Current storageclass for cinder is not perfect in case of statefulsets. Lets assume that cinder storageclass is defined to be in zone called nova, but because labels are not added to pv - pods can be started in any zone. The problem is that at least in our openstack it is not possible to use cinder drive located in zone x from zone y. However, should we have possibility to choose between cross-zone cinder mounts or not? Imo it is not good way of doing things that they mount volume from another zone where the pod is located(means more network traffic between zones)? What you think? Current new solution does not allow that anymore (should we have possibility to allow it? it means removing the labels from pv).
There might be some things that needs to be fixed still in this release and I need help for that. Some parts of the code is not perfect.

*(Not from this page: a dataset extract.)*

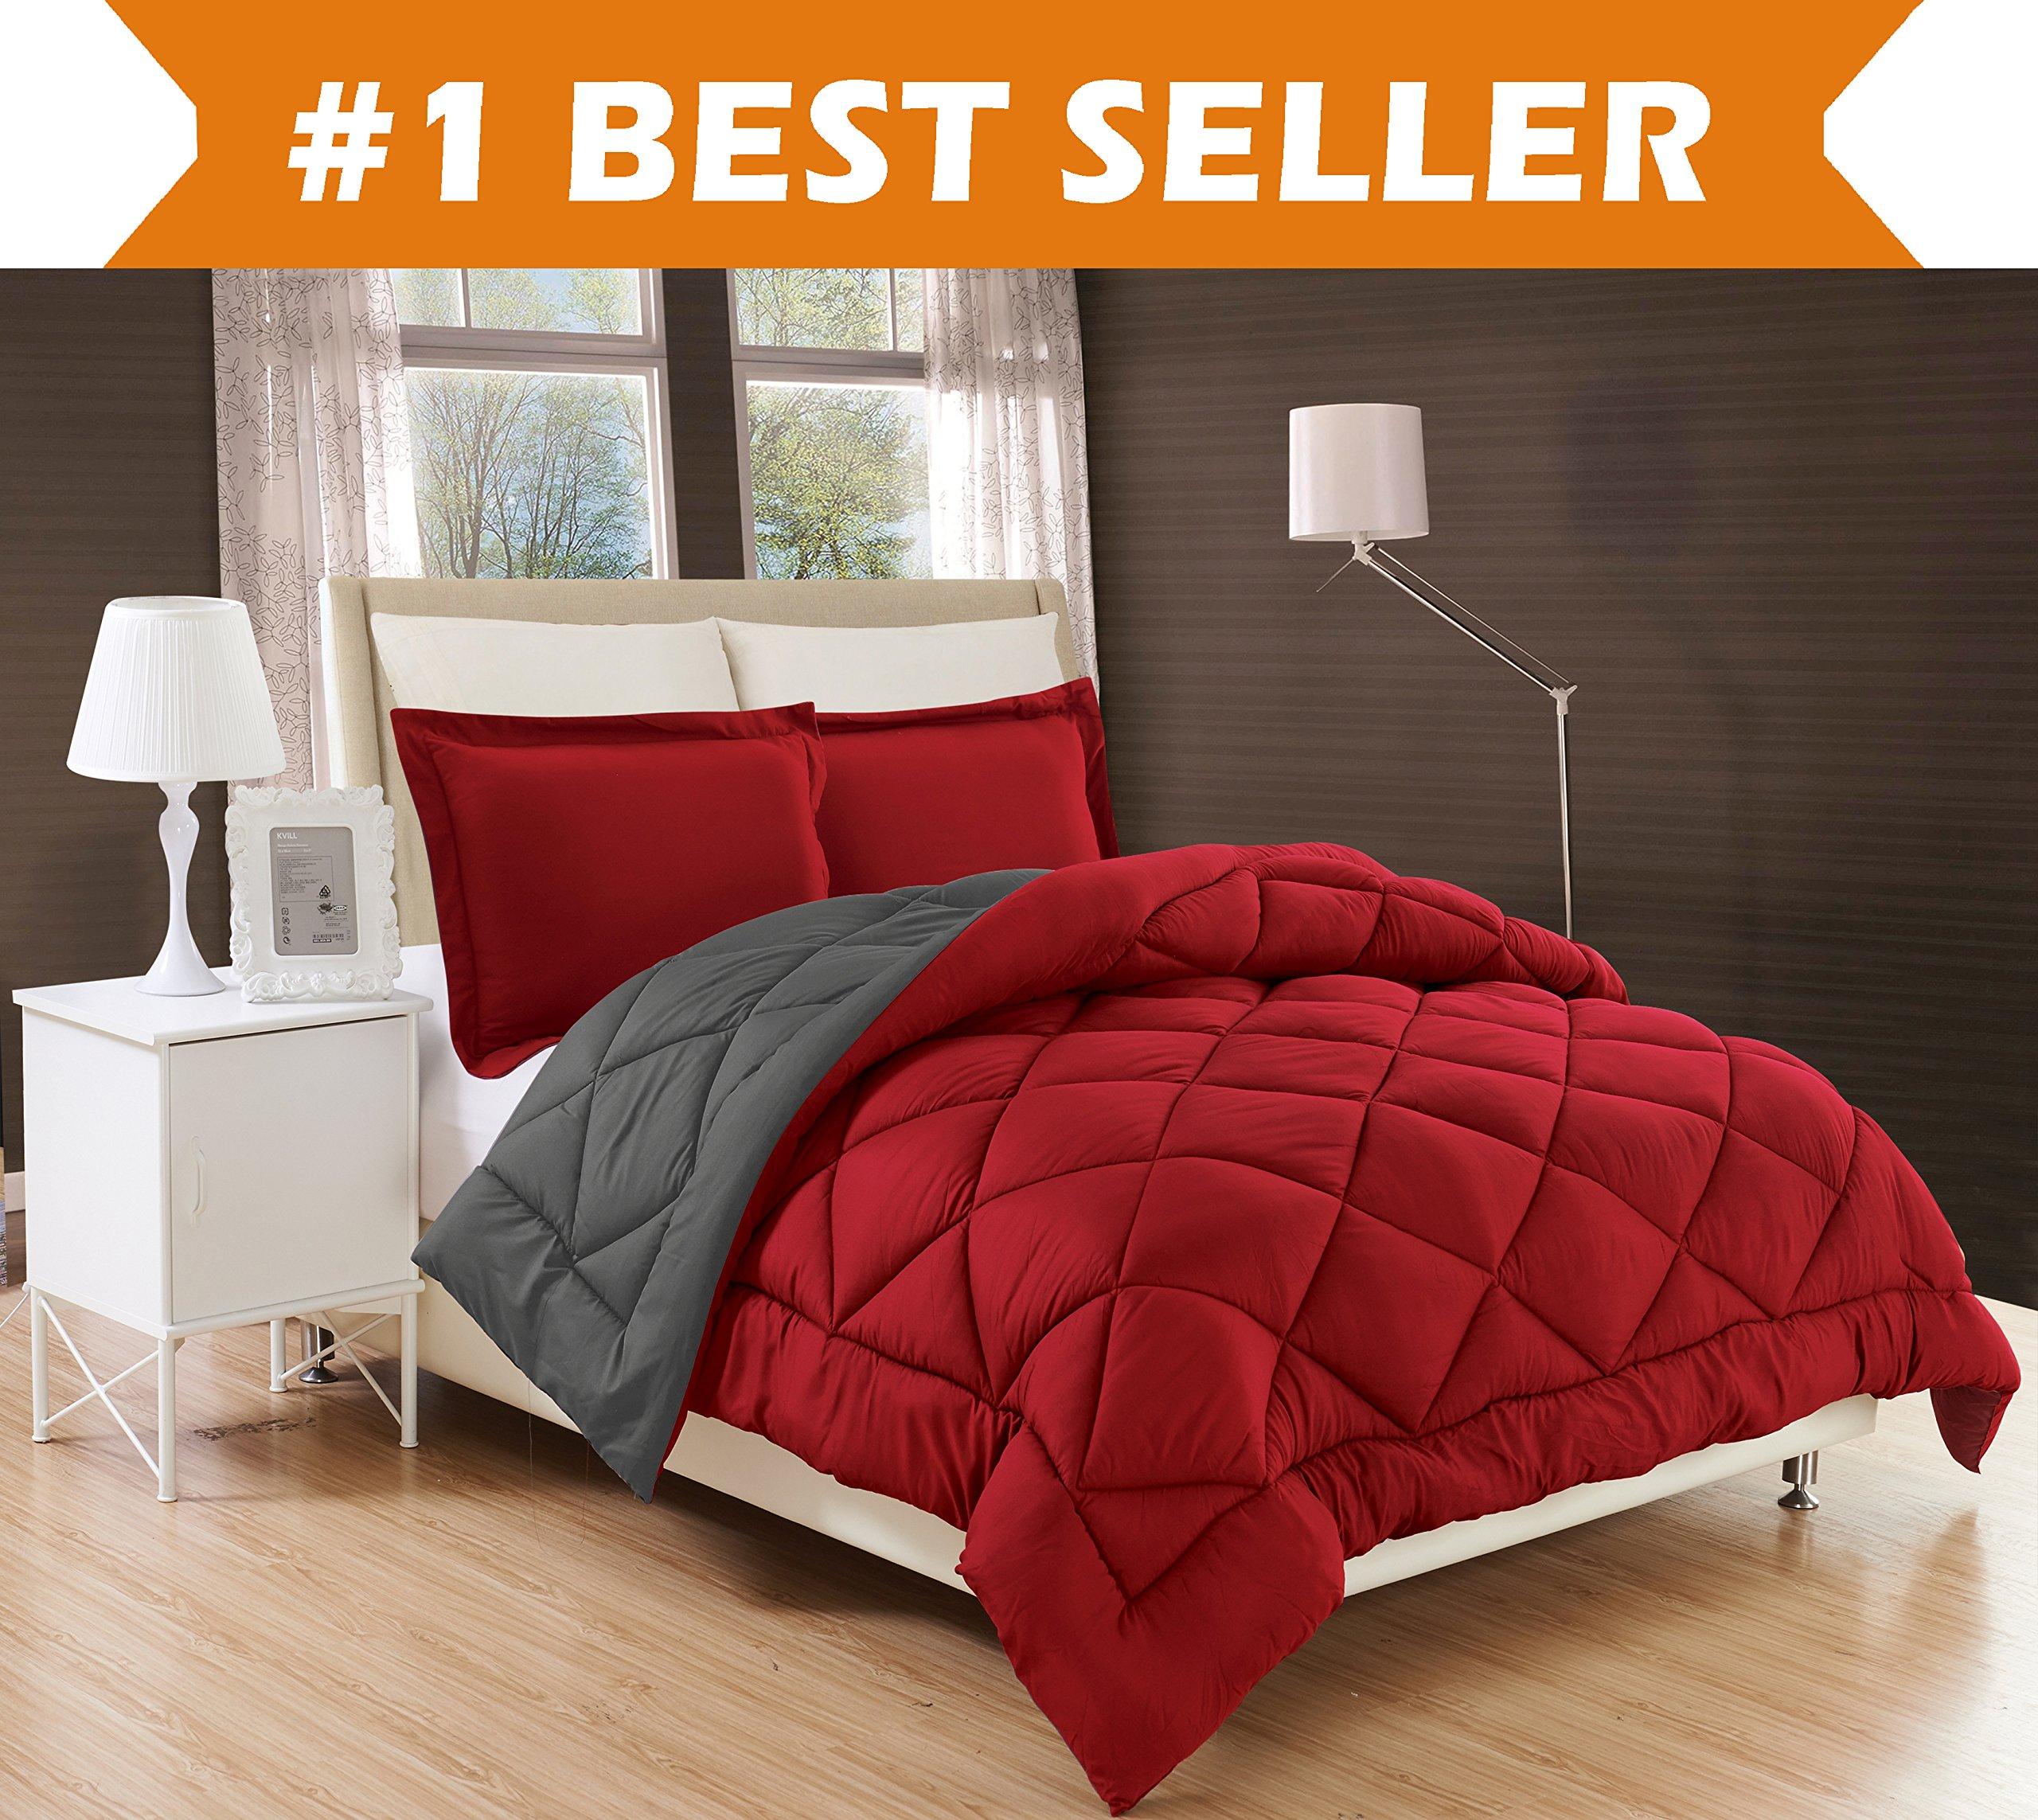 Elegant Comfort All Season Comforter and Year Round Medium Weight Super Soft Down Alternative Reversible 3-Piece Comforter Set, King, Burgundy/Grey by Elegant Comfort

Issues what i am thinking about (I need some help for these):
1) Can everybody see in openstack what AZ their servers are? Can there be like access policy that do not show that? If AZ is not found from server specs, I have no idea how the code behaves.
2) In GetAllZones() function, is it really needed to make new serviceclient using openstack.NewComputeV2 or could I somehow use existing one
3) This fetches all servers from some openstack tenant(project). However, in some cases kubernetes is maybe deployed only to specific zone. If kube servers are located for instance in zone 1, and then there are another servers in same tenant in zone 2. There might be usecase that cinder drive is provisioned to zone-2 but it cannot start pod, because kubernetes does not have any nodes in zone-2. Could we have better way to fetch kubernetes nodes zones? Currently that information is not added to kubernetes node labels automatically in openstack (which should I think). I have added those labels manually to nodes. If that zone information is not added to nodes, the new solution does not start stateful pods at all, because it cannot target pods.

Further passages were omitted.